WORK TO BE COMPLETED: Take the lines from the beginning of the data below through the line holding "Ariana Earrings - Maral Kunst Jewelry" and return exactly those.

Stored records
Start of Block

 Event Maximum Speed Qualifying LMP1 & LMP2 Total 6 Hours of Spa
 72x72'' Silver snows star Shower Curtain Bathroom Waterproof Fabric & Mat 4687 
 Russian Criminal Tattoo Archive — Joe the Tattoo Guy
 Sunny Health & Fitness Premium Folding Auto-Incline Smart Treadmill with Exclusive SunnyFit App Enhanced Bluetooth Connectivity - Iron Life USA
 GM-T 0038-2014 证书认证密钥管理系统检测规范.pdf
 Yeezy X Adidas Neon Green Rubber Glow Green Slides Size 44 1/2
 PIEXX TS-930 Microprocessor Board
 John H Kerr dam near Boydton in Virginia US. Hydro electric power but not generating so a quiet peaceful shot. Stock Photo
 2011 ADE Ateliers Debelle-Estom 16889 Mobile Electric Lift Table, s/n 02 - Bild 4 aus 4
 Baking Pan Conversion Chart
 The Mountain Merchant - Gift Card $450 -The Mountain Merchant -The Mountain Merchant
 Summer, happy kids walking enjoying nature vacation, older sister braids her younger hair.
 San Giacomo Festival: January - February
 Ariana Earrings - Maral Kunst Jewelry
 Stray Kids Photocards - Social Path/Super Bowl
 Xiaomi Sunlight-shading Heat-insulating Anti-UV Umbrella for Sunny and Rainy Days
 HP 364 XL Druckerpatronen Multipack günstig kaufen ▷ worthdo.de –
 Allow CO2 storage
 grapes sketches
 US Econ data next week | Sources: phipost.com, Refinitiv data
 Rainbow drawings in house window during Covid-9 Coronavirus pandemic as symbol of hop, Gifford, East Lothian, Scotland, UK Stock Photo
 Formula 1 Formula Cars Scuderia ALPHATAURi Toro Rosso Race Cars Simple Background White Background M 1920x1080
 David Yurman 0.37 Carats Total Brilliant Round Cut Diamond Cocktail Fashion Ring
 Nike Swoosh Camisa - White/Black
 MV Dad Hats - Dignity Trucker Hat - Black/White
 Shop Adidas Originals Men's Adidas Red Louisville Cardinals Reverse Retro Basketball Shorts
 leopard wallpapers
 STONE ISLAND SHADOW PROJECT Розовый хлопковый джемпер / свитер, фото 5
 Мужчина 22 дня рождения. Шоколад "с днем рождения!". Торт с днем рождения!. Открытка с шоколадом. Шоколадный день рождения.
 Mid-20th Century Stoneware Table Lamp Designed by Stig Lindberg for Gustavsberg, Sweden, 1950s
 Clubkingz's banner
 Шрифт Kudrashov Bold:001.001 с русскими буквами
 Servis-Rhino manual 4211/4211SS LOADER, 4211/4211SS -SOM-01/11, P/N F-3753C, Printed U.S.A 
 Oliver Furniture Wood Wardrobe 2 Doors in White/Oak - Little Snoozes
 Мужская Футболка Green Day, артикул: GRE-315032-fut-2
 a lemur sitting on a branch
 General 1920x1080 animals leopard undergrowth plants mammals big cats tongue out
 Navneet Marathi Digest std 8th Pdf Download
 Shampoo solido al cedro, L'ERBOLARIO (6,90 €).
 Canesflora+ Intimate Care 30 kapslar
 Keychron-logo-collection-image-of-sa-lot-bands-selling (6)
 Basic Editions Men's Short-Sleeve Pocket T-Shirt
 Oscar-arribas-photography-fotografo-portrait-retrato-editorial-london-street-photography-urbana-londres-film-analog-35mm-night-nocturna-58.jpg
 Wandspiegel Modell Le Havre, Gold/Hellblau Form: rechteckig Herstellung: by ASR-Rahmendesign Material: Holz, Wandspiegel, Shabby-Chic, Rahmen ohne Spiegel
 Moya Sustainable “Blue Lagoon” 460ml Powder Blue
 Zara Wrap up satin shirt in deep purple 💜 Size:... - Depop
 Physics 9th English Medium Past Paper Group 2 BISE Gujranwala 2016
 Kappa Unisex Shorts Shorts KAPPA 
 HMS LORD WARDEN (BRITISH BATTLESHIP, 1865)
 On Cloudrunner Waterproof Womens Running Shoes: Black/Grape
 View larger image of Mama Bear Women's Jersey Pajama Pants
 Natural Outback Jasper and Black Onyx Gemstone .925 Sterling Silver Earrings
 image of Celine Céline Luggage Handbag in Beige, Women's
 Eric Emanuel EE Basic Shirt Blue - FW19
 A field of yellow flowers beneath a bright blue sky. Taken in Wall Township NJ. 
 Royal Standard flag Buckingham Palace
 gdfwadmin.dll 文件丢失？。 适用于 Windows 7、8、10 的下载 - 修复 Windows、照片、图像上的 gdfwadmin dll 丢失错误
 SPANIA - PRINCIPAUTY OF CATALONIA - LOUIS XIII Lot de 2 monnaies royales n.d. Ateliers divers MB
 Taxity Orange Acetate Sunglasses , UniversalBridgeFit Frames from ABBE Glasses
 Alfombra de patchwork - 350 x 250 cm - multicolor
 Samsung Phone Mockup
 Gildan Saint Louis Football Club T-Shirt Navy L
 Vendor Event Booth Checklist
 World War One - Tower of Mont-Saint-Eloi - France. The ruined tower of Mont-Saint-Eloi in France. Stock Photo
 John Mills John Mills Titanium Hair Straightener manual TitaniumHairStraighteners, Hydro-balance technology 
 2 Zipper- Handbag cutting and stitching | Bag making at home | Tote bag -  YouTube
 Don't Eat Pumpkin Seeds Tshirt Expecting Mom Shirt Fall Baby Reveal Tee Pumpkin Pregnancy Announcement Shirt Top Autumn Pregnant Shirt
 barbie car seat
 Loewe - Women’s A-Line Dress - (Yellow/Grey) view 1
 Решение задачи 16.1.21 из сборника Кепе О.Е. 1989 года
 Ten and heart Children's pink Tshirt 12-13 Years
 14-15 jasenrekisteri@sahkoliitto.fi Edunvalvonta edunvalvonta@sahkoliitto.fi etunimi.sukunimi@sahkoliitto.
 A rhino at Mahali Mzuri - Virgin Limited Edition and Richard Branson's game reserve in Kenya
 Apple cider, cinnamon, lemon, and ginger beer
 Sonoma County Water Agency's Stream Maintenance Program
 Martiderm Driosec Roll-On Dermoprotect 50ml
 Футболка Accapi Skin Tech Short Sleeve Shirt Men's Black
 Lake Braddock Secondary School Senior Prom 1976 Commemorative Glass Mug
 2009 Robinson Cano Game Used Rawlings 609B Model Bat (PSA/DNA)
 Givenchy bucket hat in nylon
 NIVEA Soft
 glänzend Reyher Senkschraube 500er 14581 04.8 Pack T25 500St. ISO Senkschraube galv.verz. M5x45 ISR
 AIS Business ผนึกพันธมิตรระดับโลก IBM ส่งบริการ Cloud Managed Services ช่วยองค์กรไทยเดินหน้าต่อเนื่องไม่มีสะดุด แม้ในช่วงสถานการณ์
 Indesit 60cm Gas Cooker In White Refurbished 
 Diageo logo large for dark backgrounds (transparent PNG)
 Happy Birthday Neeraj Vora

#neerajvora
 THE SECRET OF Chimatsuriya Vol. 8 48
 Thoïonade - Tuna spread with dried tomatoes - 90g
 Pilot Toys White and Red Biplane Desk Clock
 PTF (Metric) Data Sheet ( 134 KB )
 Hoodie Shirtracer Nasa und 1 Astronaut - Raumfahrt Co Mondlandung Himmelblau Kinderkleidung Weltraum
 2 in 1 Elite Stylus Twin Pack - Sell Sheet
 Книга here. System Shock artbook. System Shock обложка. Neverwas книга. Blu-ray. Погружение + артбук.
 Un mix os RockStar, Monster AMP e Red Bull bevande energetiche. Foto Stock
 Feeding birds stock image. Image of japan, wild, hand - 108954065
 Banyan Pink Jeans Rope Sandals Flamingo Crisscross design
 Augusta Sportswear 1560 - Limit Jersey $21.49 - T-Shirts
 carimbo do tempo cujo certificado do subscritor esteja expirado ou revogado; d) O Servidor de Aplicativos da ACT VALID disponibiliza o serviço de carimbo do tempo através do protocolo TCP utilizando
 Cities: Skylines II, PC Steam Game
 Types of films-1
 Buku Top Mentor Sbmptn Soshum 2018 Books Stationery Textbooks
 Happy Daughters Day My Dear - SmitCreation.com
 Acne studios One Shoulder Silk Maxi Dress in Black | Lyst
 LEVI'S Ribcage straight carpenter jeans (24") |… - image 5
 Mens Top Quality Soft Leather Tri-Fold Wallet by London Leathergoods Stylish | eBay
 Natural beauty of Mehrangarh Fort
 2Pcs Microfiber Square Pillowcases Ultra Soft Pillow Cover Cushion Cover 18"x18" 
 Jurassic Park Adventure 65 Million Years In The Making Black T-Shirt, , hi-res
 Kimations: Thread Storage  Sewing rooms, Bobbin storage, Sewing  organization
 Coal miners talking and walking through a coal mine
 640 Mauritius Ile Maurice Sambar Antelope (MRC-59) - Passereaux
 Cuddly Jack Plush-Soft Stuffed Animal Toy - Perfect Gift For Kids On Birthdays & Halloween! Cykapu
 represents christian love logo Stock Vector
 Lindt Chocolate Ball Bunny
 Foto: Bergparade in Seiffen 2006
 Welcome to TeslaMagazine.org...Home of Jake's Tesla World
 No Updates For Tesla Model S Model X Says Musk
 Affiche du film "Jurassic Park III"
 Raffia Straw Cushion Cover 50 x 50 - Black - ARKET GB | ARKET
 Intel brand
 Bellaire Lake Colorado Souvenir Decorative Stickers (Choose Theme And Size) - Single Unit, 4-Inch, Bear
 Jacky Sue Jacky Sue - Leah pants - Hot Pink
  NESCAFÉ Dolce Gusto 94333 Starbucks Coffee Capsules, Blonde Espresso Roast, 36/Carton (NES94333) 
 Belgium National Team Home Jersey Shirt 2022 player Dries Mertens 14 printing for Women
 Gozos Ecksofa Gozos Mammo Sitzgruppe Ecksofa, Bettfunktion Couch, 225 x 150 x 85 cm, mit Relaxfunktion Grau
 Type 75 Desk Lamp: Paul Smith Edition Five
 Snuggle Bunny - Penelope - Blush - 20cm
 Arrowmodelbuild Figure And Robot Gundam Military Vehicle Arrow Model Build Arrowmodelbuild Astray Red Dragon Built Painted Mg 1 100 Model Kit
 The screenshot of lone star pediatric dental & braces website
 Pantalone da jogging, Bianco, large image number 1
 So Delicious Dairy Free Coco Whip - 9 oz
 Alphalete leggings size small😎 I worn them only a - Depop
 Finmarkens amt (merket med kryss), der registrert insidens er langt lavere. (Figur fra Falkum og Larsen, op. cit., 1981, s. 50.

End of Block

WRITTEN ANSWER:
 Event Maximum Speed Qualifying LMP1 & LMP2 Total 6 Hours of Spa
 72x72'' Silver snows star Shower Curtain Bathroom Waterproof Fabric & Mat 4687 
 Russian Criminal Tattoo Archive — Joe the Tattoo Guy
 Sunny Health & Fitness Premium Folding Auto-Incline Smart Treadmill with Exclusive SunnyFit App Enhanced Bluetooth Connectivity - Iron Life USA
 GM-T 0038-2014 证书认证密钥管理系统检测规范.pdf
 Yeezy X Adidas Neon Green Rubber Glow Green Slides Size 44 1/2
 PIEXX TS-930 Microprocessor Board
 John H Kerr dam near Boydton in Virginia US. Hydro electric power but not generating so a quiet peaceful shot. Stock Photo
 2011 ADE Ateliers Debelle-Estom 16889 Mobile Electric Lift Table, s/n 02 - Bild 4 aus 4
 Baking Pan Conversion Chart
 The Mountain Merchant - Gift Card $450 -The Mountain Merchant -The Mountain Merchant
 Summer, happy kids walking enjoying nature vacation, older sister braids her younger hair.
 San Giacomo Festival: January - February
 Ariana Earrings - Maral Kunst Jewelry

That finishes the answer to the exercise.